= Biathlon at the 2007 Canada Games =

Biathlon was an event at the 2007 Canada Games, held at Grey Mountain in Whitehorse, Yukon. Due to cold weather conditions the pursuit event was cancelled and other events were modified with shorter courses to limit exposure.

==Relay==

- The weather conditions were generally clear and cold. The wind was light.

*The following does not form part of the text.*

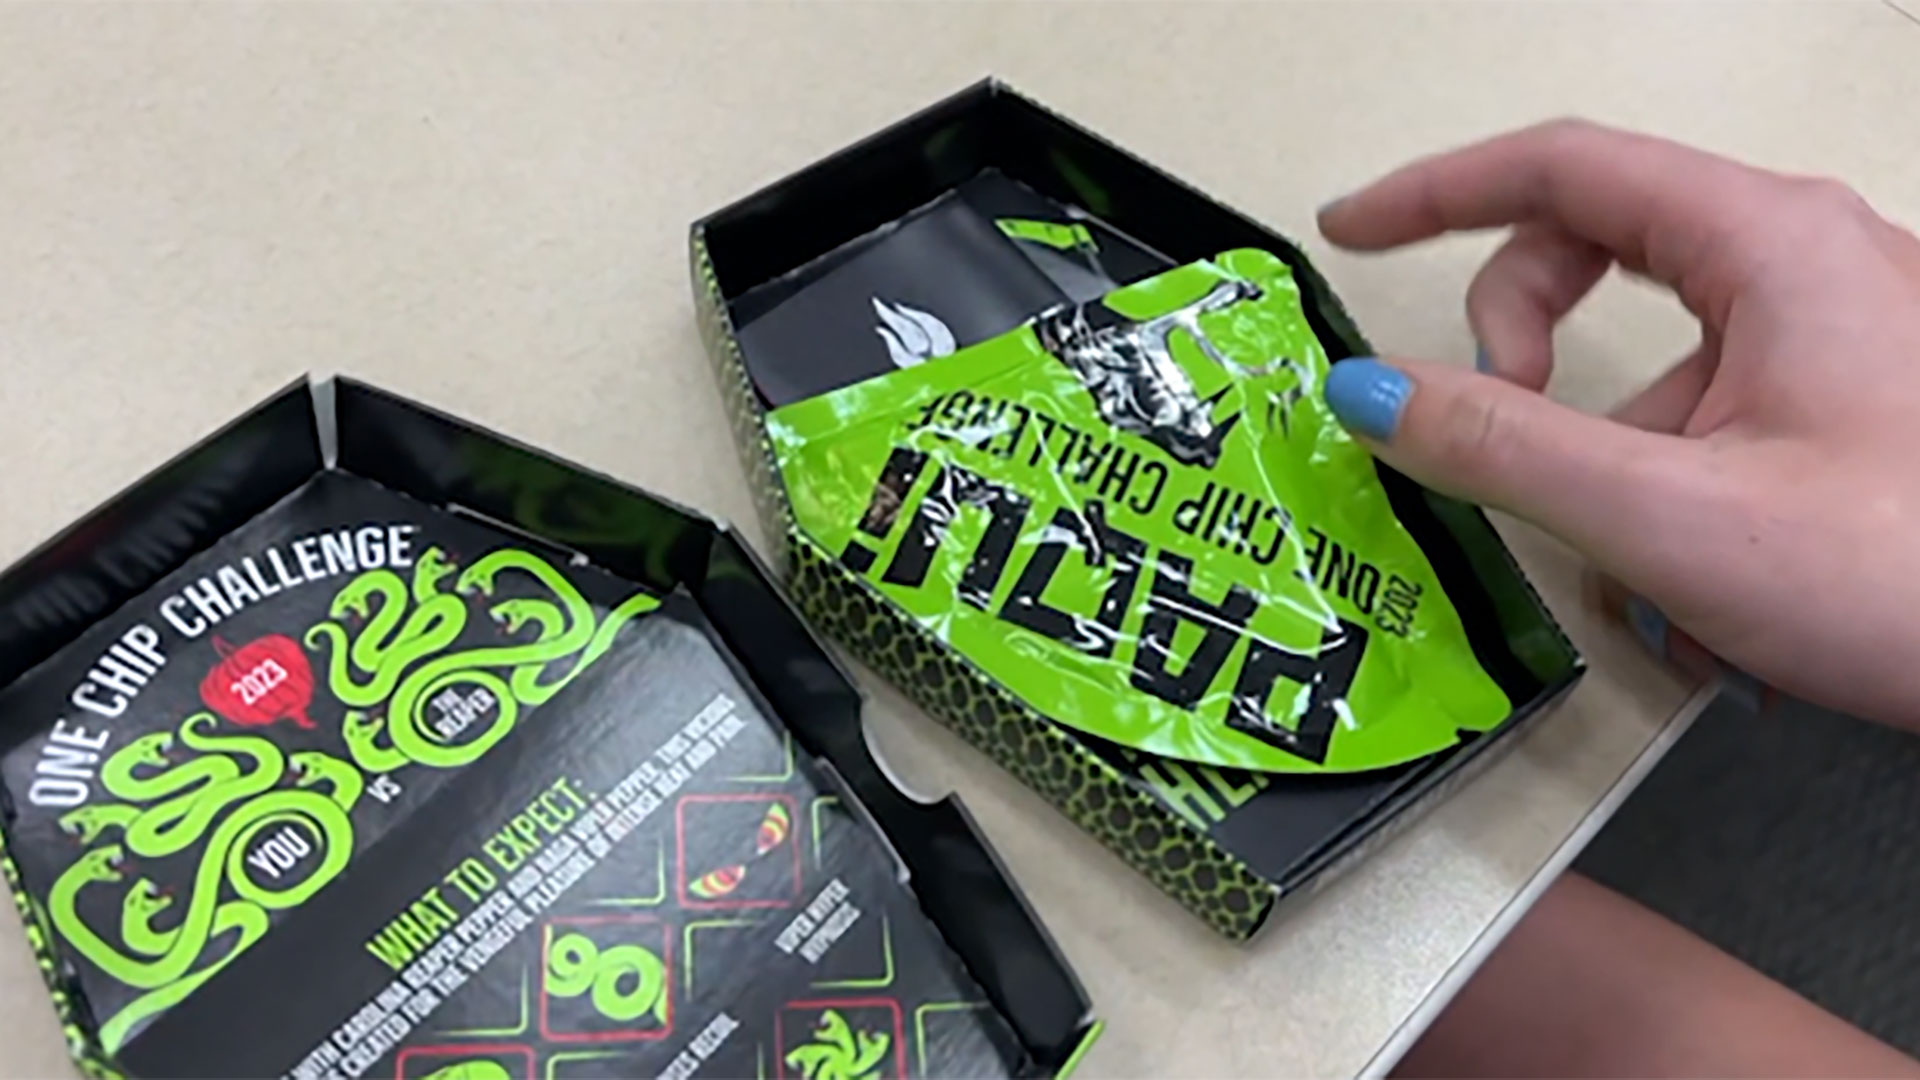 One Chip Challenge' maker removing product from shelves after death of  Massachusetts teen

The relative humidity was 22%, the air temperature was −20 °C, and the snow temperature was −20 °C.

| Medal | Junior Men's 3 x 7.5 km (Modified to 6 km) | Time (Penalty loops) | Junior Women's 3 x 6 km (Modified to 4.5 km) | Time (Penalty loops) |
|---|---|---|---|---|
| Gold | Alberta | 57:37.40 (0) | Alberta | 56:17.60 (1) |
| Silver | Quebec | 1:00:18.10 (2) | Quebec | 57:06.00 (6) |
| Bronze | Manitoba | 1:11:45.80 (4) | Manitoba | 1:05:47.60 (9) |

==Sprint==

- There were 36 entries in the Competition. Three did not finish and one was disqualified. The weather conditions were generally cold. The wind was gusty. The relative humidity was 22%, the air temperature was −20 °C, and the snow temperature was −20 °C.

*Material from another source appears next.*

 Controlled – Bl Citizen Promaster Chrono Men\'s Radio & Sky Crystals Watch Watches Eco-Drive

| Medal | Junior Men's 10 km (Modified to 9 km) | Time (Penalty loops) | Junior Women's 7.5 km (Modified to 6 km) | Time (Penalty loops) |
|---|---|---|---|---|
| Gold | Alberta Tyson Smith | 32:45.5 (2) | Alberta Rosanna Crawford | 24:28.5 (2) |
| Silver | Alberta Yannick Letailleur | 33:20.7 (2) | British Columbia Jessica Sedlock | 25:29.6 (1) |
| Bronze | Quebec Maxime Leboeuf | 34:03.1 (4) | Quebec Claude Godbout | 25:37.6 (3) |

==Individual==

- The weather conditions were generally cold. The wind was gusting. The relative humidity was 22%, the air temperature was −20 °C, and the snow temperature was −20 °C.

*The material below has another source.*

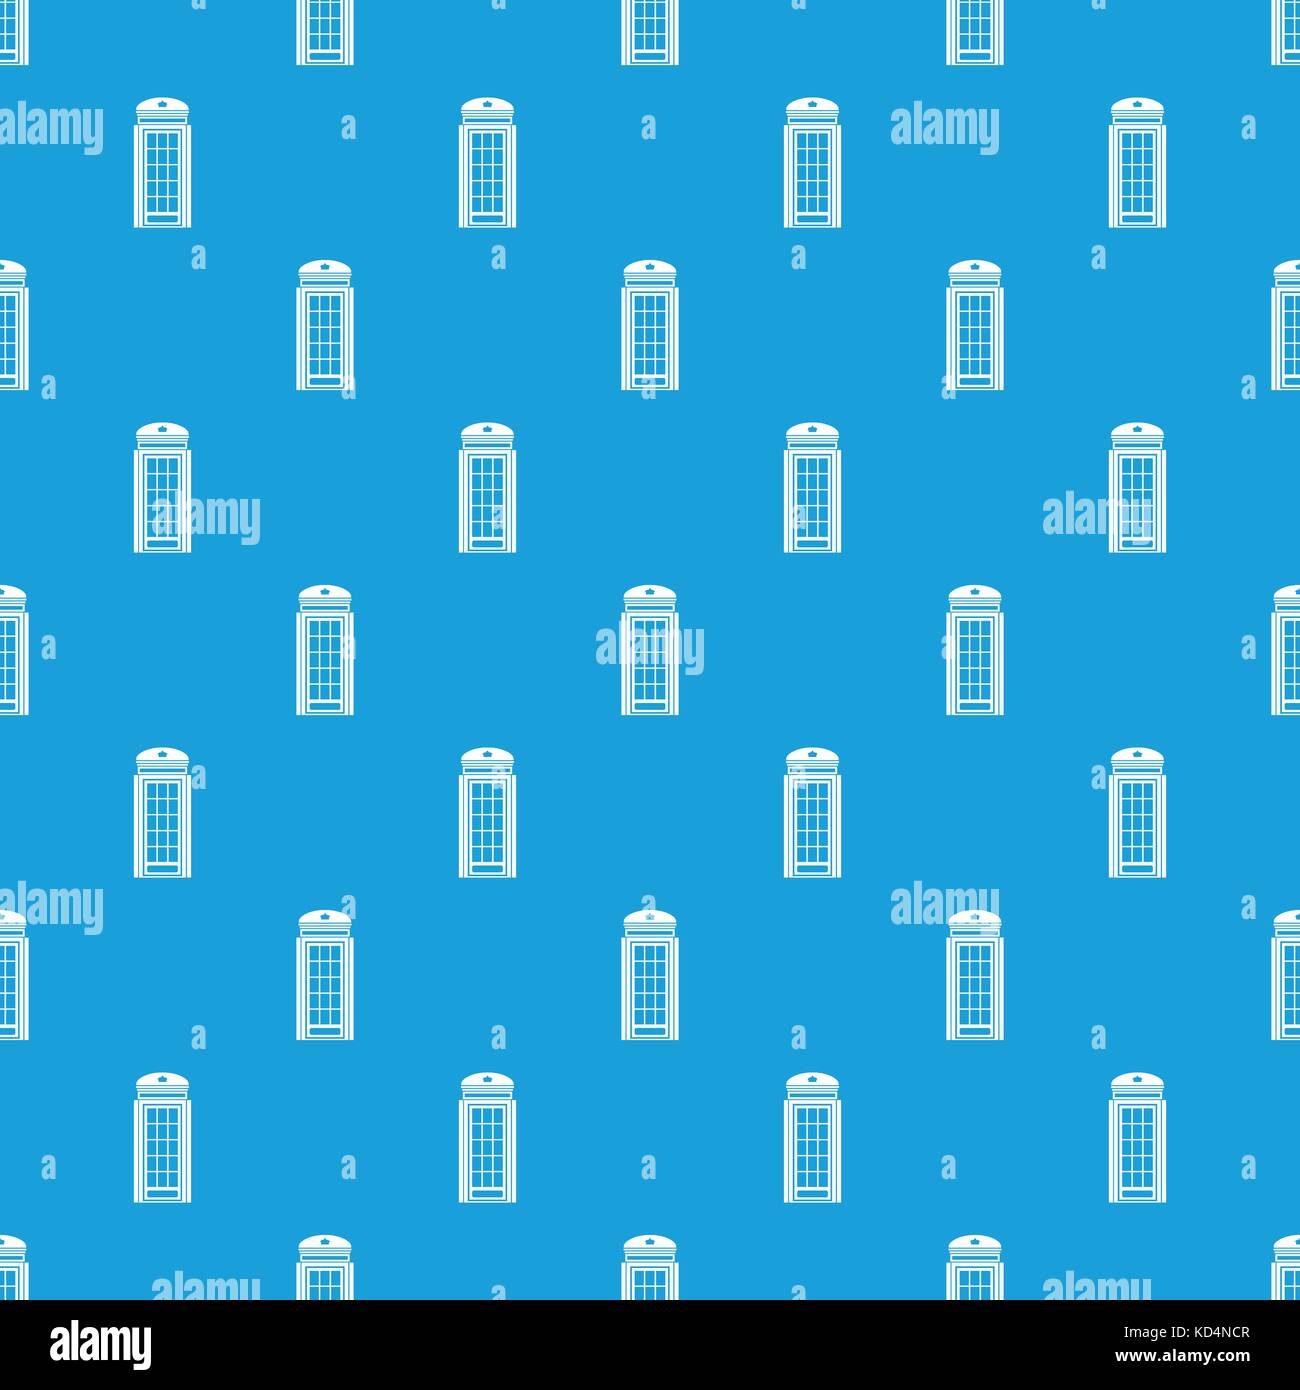 Phone booth pattern seamless blue Stock Vector

| Medal | Junior Men's 15 km (Modified to 12.5 km) | Time (Penalty loops) | Junior Women's 12.5 km (Modified to 10 km) | Time (Penalty loops) |
|---|---|---|---|---|
| Gold | Alberta Tyson Smith | 41:14.8 (6) | Alberta Rosanna Crawford | 39:28.9 (6) |
| Silver | Quebec Maxime Leboeuf | 41:35.3 (6) | Quebec Claude Godbout | 41:17.7 (5) |
| Bronze | Alberta Yannick Letailleur | 42:59.4 (8) | Manitoba Megan Imrie | 41:18.6 (6) |

==Pursuit==

12.5km men's and 10km women's pursuit were cancelled due to extreme cold weather.